Его стала тяготить эта вездесущность, и он сам захотел, чтобы его замкнули в рамочки. Наконец его выписали. Целый день он слонялся по городу, привинчивая себя к постоянному месту, времени и сознанию. Домой пришел вечером. Дети спали. Он поглядел, как темнеют полукружия ресниц на нежном личике дочери, а про Руслана сказал Нине:
— Спит и забыл, кто он. Утром будет вспоминать. А со временем выучит себя наизусть и успокоится.

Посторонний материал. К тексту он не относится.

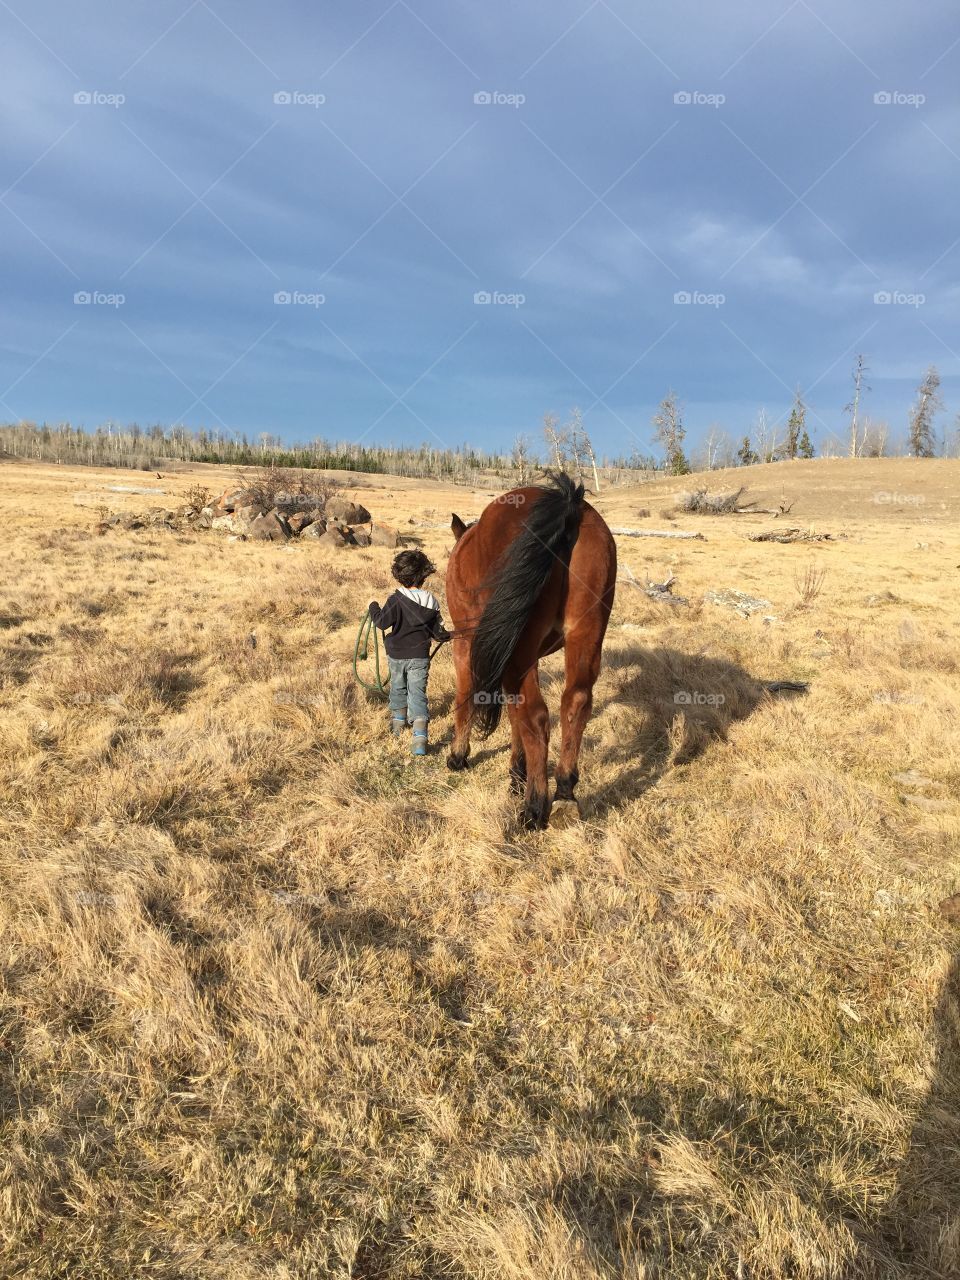 My son exercising our senior horse. This is the fourth generation of family to enjoy this horse.

— Пойдем… — шепотом позвала Нина.
Руслан слышал голоса родителей, но проснуться не сумел. Всю ночь его тревожило предвкушение счастья — что-то случилось, не Новый ли год? Надо было проснуться и посмотреть, но как раз показывали там такие сны, что не оторваться. Потом сны кончились, Руслан еще подождал — нет, стихло, больше ничего не покажут. И открыл глаза. Счастье пребывало неотступно, хотя он понял, что не Новый год, а осень. Он поднял голову от подушки и — вот оно! — папа спал на диване, вернулся папа, вот что. Он вскочил со своей постели, босиком перебежал комнату, остановился у дивана и дотронулся до папиного лица. Папа приподнял веки и увидел, как замер его сын в ожиданий совершенного счастья..

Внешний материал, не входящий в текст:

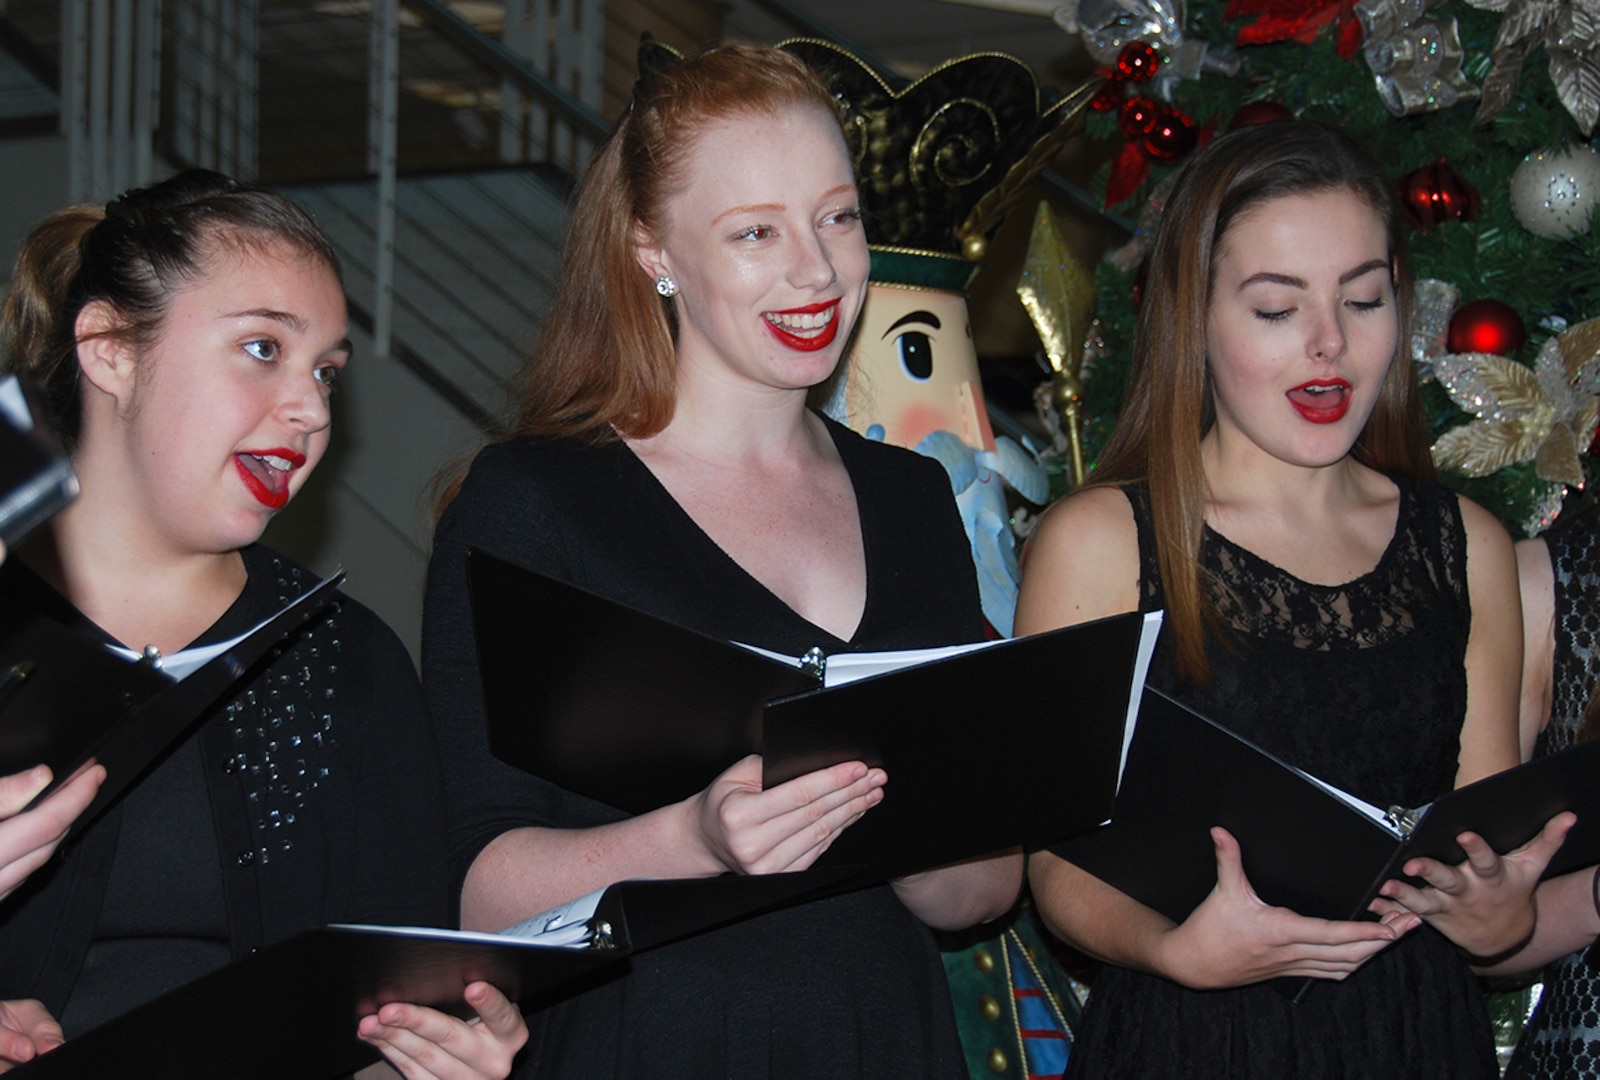 Hannah Weilminster, Cayli Dobbs and Shannon O’Shaughnessy from the Metropolitan School of the Arts Academy sing “Gloria in Excelsis Deo” during the annual McNamara Headquarters Complex tree lighting ceremony Dec. 7.

— Тебе уже лучше? — Сын не спросил, а попросил об этом.
Папа отрекся в этот миг от целого знания о мире, от единосущности сознания, его руки подхватили мальчика, вознесли и повлекли в тепло родительской постели, и папа потянулся со сна и застонал, а Руслан, затихнув, угнездился рядом с ним на подушке, обнятый его рукой, и счастливо моргал в потолок.
Сидела на полу, прислонившись спиной к холодильнику и раскидав ноги на полу, Рита — зыблясь, размазавшись.
— Моего отца предал один доносчик, — произнесла она. — Я нашла его и отомстила.
— Ты? — удивился Горыныч. — Рита, тебе до того ли? Тебе, по-моему, лишь бы у тебя ничего не отбирали.
— Ты, Горыныч, всегда думал обо мне подло, — разобиделась.
Не надо бы ей пить. Женщина все-таки. Мать.
— Хочешь знать, как я отомстила? — задетая недооценкой, она разволновалась. — Хочешь знать? Смертью…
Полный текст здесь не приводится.